'The right to be forgotten' explained for website owners


The 'right to be forgotten' (formerly known as 'the right to erasure') is an EU law stating that 'data controllers' - which in the context of the web would refer to websites owners that collect data from their users - must erase any data of a personal nature upon request by the user when the circumstance satisfies necessary criteria. This law has been in place since 2014, however General Data Protection Regulation (GDPR) added some further stipulations when it came into force in 2018.

The story of the 'right to be forgotten' ruling begins in 2014 when a Spaniard by the name of Mario Costeja González requested that Google Spain remove references in the search engine results to stories regarding the auction of his repossessed home, which Mario explained were now irrelevant and had been resolved for a number of years. Mario believed there was no need to have this historic information available to the public any more, and subsequently battled with the American search giant for six years. Mario won his fight and the 'right to be forgotten' was approved by the European Court of Justice to be passed into law, who added that in this particular case, the right to privacy was greater than the financial interest of the company. Importantly however, the court made it clear that the 'right to be forgotten' is not an absolute rule, but a principal that will be weighed on a case-by-case basis.

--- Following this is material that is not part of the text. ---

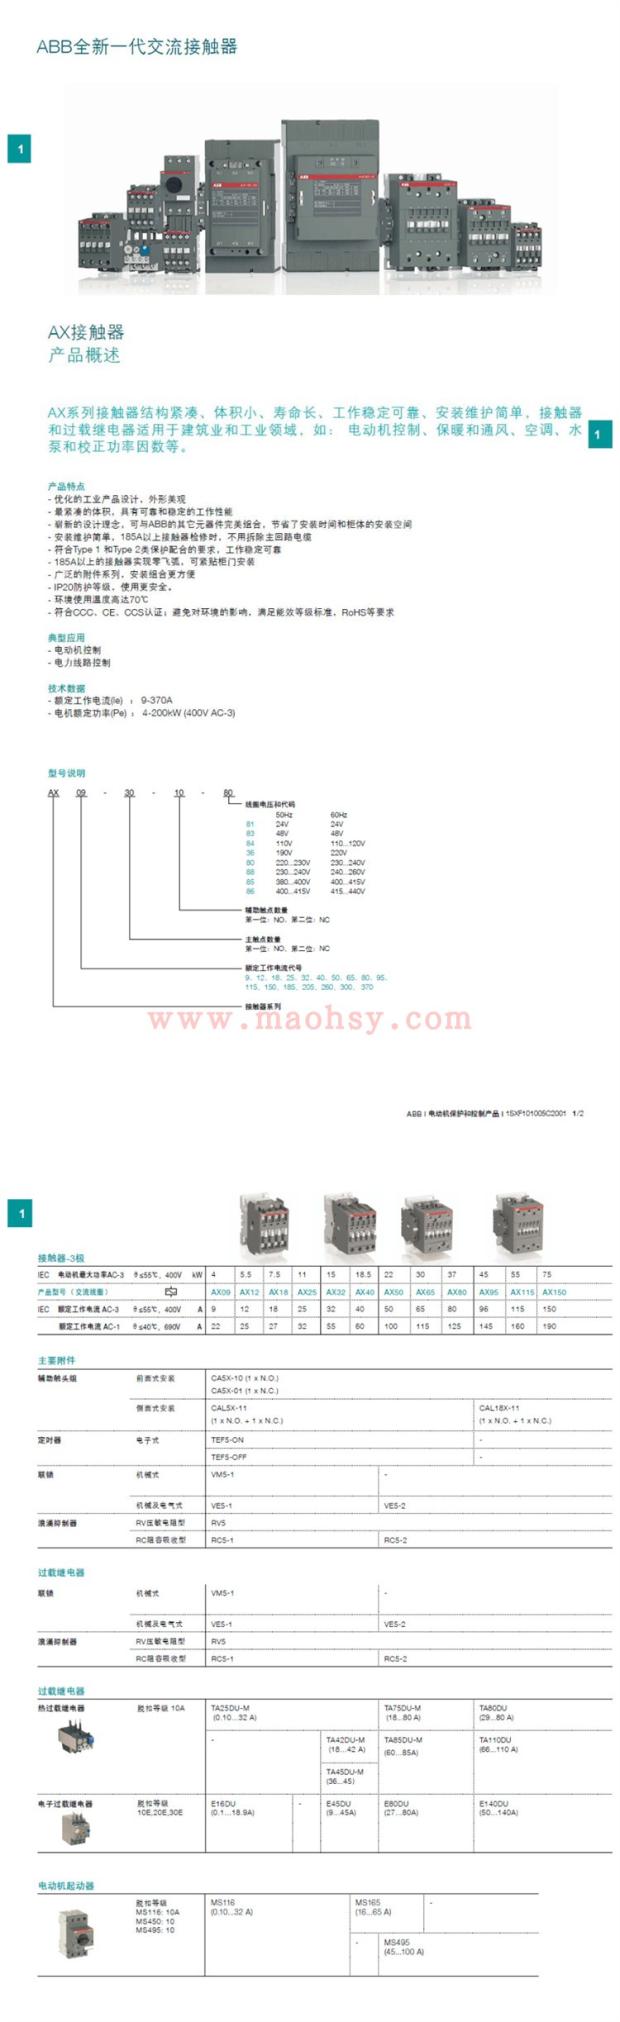 ABB-AX09-30-10-80*220-230V 50Hz/230-240V60Hz-3极接触器 报价 接触器产品特点,通用型接触器,ABB AX系列

In the words of the Information Commissioners Office (ICO), they explain that:

“Under Article 17 of the GDPR individuals have the right to have personal data erased. This is also known as the ‘right to be forgotten’. The right is not absolute and only applies in certain circumstances.”

Once an individual has informed a data controller (e.g. a website owner) that they would like their data to be removed verbally or in writing, the data controller has one month to respond to the request. The individual requesting the data removal only has the right to do so if:

  • Their personal data is no longer necessary for the original purpose it was collected for.
  • The individual’s original consent for their data to be collected has now been withdrawn.
  • The individual decided to opt out of their data being held for marketing purposes.
  • The data has been processed unlawfully.
  • The data has been processed to offer information society services to a child.
  • There is no overriding legitimate interest from the individual to continue to allow their data to be processed, which is the primary reason for holding the data initially.

If an individual fails to meet this criteria then their data may not be removed. There are also some additional reasons you may not be able to have your personal data removed, such as:

  • The data is being used to exercise the right of freedom of expression and information.
  • The information is being used to comply with a legal obligation or ruling.
  • The data is used for the performance of a task carried out in the public interest or in the exercise of official authority.
  • The personal data is used for archiving purposes in the public interest, scientific research historical research or statistical purposes where erasure is likely to render impossible or seriously impair the achievement of that processing.
  • The data is being used for the establishment, exercise or defence of legal claims.

A recent dispute between a French privacy regulator and Google was brought to court to determine whether the search engine should apply the ruling globally or just to searches within the EU. The ruling concluded that Google would only need to remove the data from inside the EU and had no obligation to 'de-reference' all versions of its search engine. Google subsequently deployed geoblocking features that stops certain countries from accessing listings in other parts of the world. The court also made a second ruling that some results should be pushed down the listings over time instead of being removed.

Since the law came into place in May 2014, over 845,000 requests to be forgotten have been made, which equated to 3.3 million links; however, only around 45% of these were subsequently delisted.